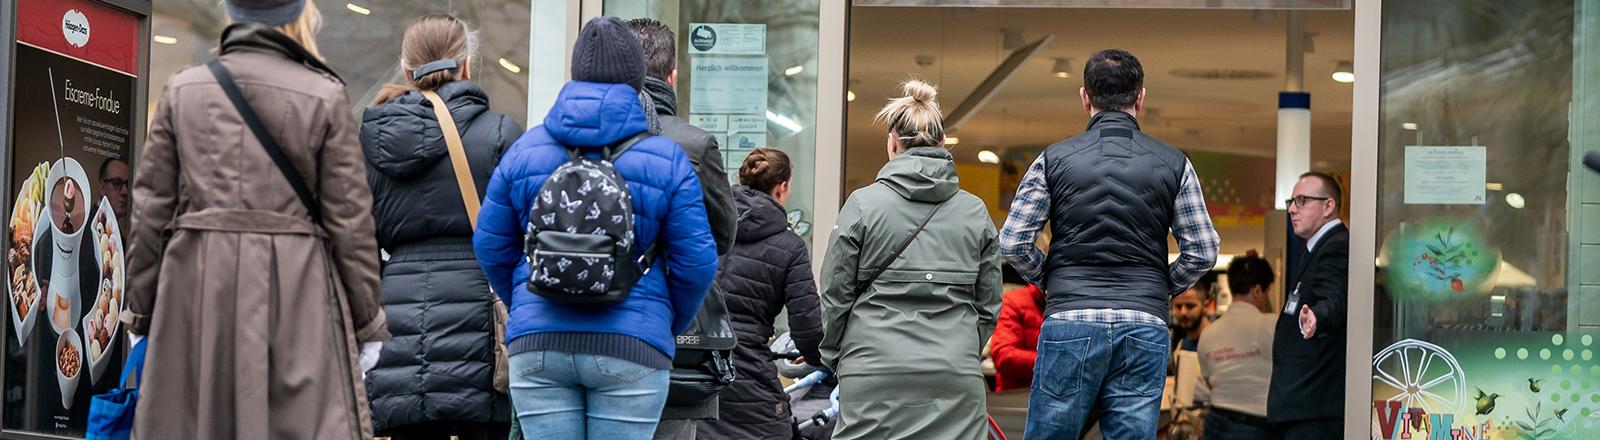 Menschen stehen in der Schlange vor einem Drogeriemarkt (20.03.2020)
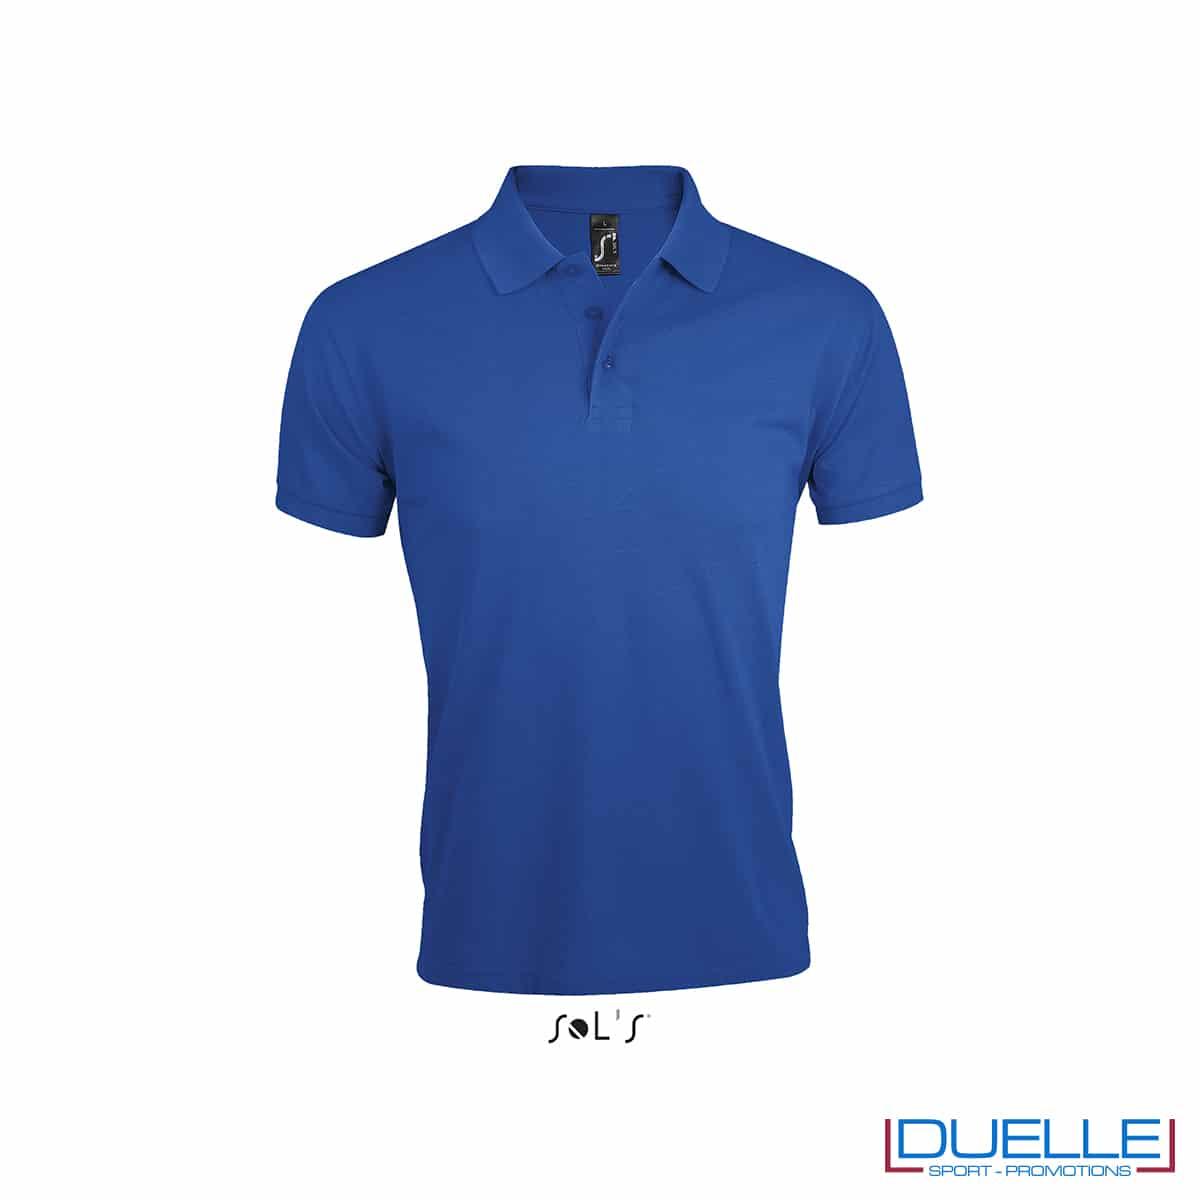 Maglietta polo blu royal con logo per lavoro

--

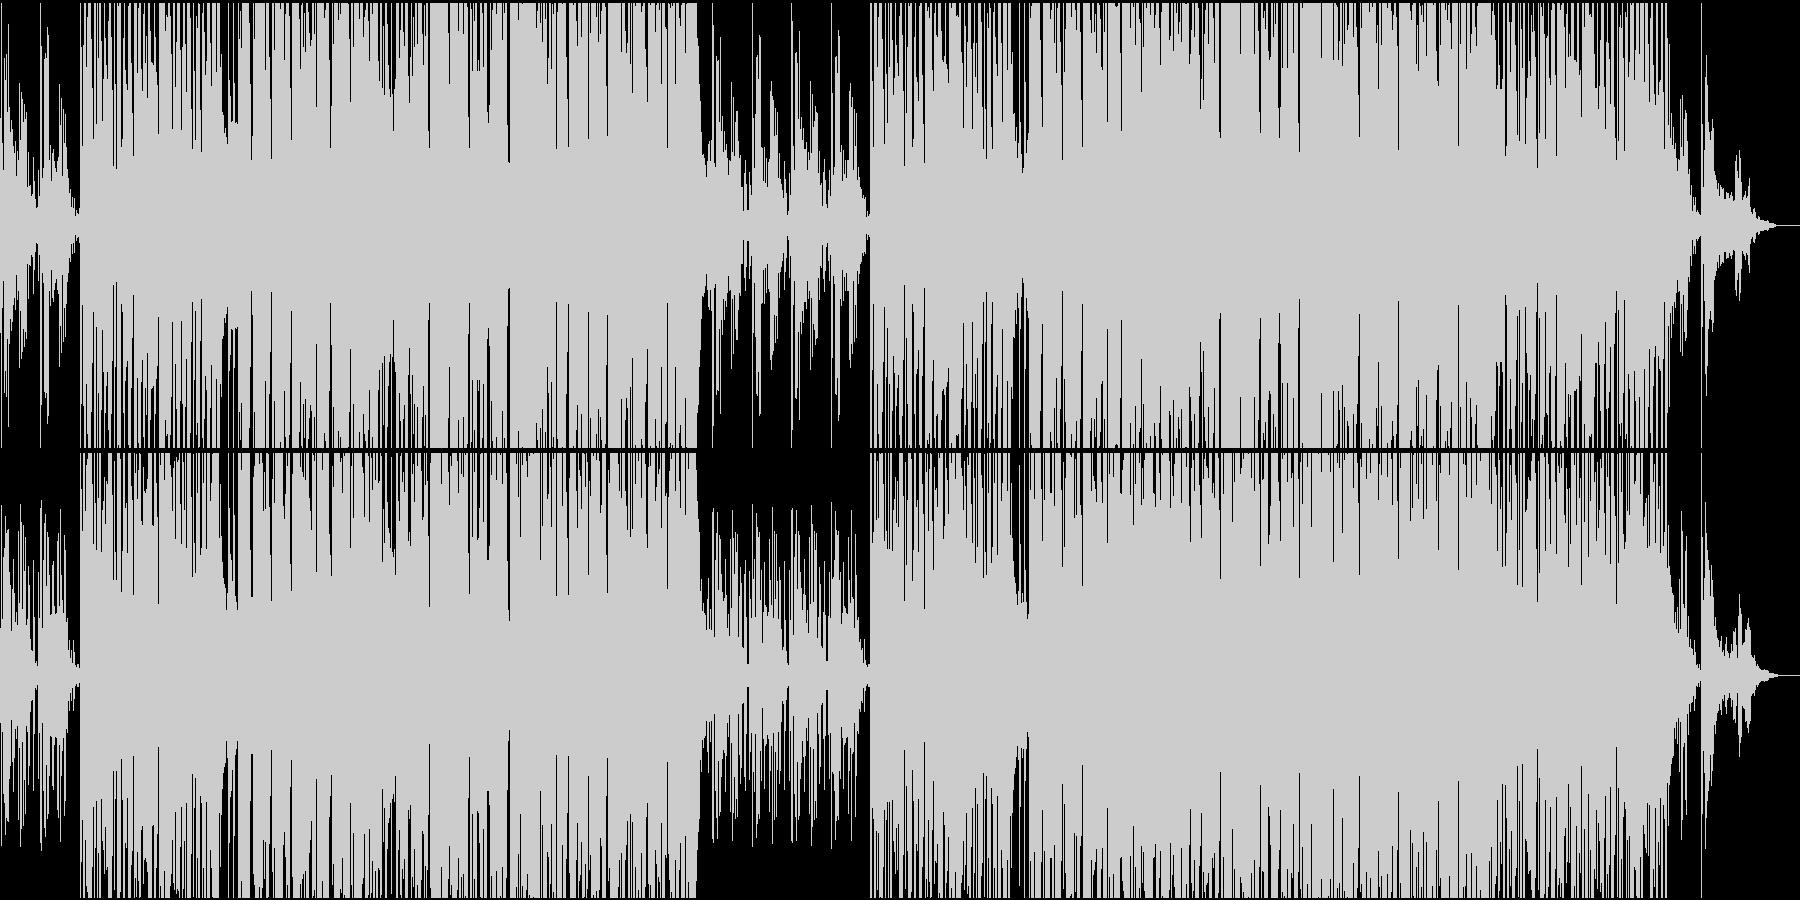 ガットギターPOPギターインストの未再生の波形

INSTRUCTIONS TO FOLLOW |
Above are some entries. Restate word for word the lines from the one holding "Menschen stehen in" through the one holding "Maglietta polo blu royal con logo per lavoro", but not the pictures.

EXERCISE SOLUTION |
 Menschen stehen in der Schlange vor einem Drogeriemarkt (20.03.2020)
 Maglietta polo blu royal con logo per lavoro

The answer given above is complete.